I blink and sit up. “Where am I?”

Then I recognize the lady kneeling next to me. Shewit. Pale light creeps under the door and around the shutter.

“We’re going to the market.” She nods toward the girl.

I rub my fists in my eyes. “I’ll come to help you carry things.”

“No. It would be better for you to stay here. Rest your ankle.”

I notice that the room will be empty except for me and the woman in the corner whose leg and arm are bandaged. She is sitting up but her eyes are closed.

“Okay, thank you,” I say, but I would prefer to be useful.

Once they have left, I go around the room folding blankets and tidying the small space. In the corner is the pile of clothes, including some white netela, the type that women and girls wear around their shoulders and heads back at home. I wonder why they don’t wear them here. I lay new wood on the fire and then go back inside to wait for people to return. I hear the distant sound of a donkey braying. The room is quiet.

Soon there is a soft knock on the door, and Shewit and her daughter walk in with several bags.

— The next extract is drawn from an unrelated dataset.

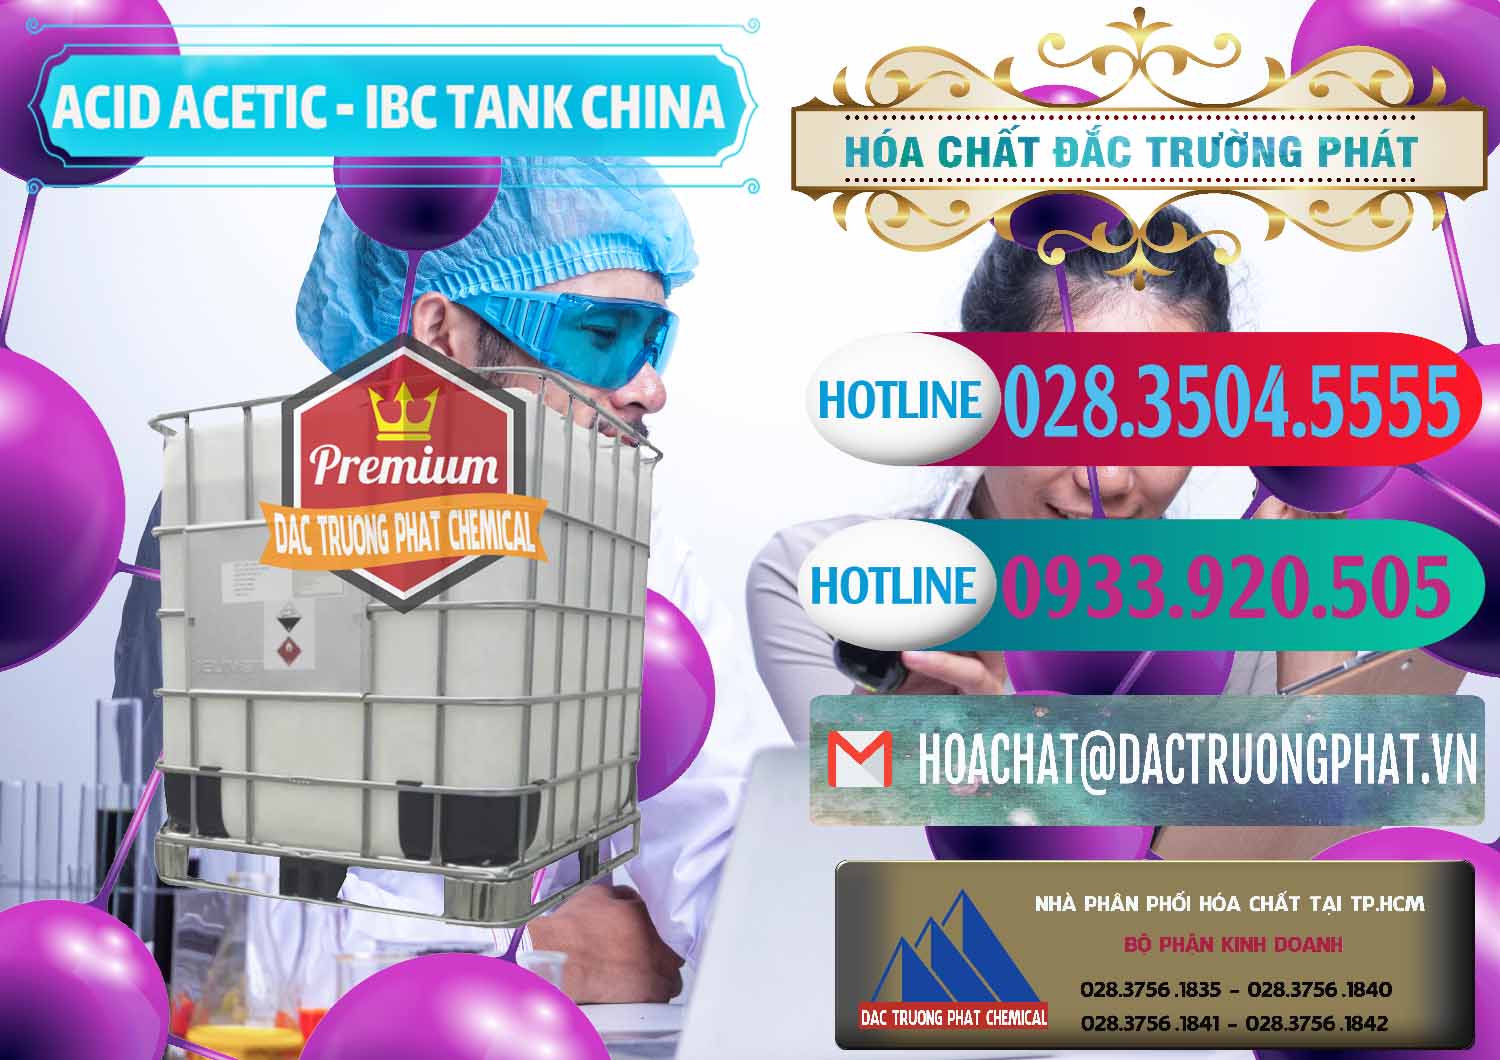 Cty chuyên nhập khẩu - bán Acetic Acid – Axit Acetic Tank Bồn IBC Trung Quốc China - 0443 - Nơi chuyên phân phối và cung ứng hóa chất tại TP.HCM - truongphat.vn

“It’s our job to cook for those who are working or cannot cook for themselves—my husband and Genet and her husband,” she says, removing her brightly colored headscarf. “You can help us prepare the food.”

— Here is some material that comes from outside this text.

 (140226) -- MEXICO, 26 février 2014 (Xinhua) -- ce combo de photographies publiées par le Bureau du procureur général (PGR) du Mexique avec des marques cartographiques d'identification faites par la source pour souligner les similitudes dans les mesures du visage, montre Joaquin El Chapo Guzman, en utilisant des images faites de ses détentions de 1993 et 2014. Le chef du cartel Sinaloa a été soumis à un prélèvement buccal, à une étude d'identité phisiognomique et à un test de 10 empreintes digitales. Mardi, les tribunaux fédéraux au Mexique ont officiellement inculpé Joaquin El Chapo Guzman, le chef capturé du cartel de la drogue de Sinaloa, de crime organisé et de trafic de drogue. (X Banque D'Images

She points to the small courtyard and gives me a bowl of lentils so I can pick out the stones, then goes inside. I have watched my mother and Lemlem do it many times but have never done it myself.

The girl sits on the floor next to me with a pile of onions. We work silently.

After a few minutes, the girl puts down her onion and looks at me. “My name is Almaz,” she says.

“Hello, Almaz,” I reply quietly. I don’t know what else to say, even though my head is almost bursting with questions. “Why aren’t you wearing your netela?” I ask, realizing immediately that I sound rude.

She doesn’t seem annoyed. “Because it’s not safe.”

“Why?” I ask.

“It’s best not to attract attention. There are people looking for anyone from our country, and white netela are pretty easy to pick out in a crowd.”

“I thought your mother said those people were mostly near the camps?”

“Not only near the camps. There are just more of them near the camps.”

“How long have you been here?”

Almaz pushes back her headscarf. Beneath it her hair is braided in neat rows.

“Three months and four days,” she answers without hesitation, staring straight at me.

“That’s such a long time,” I say, alarmed. “Do you want to stay here?”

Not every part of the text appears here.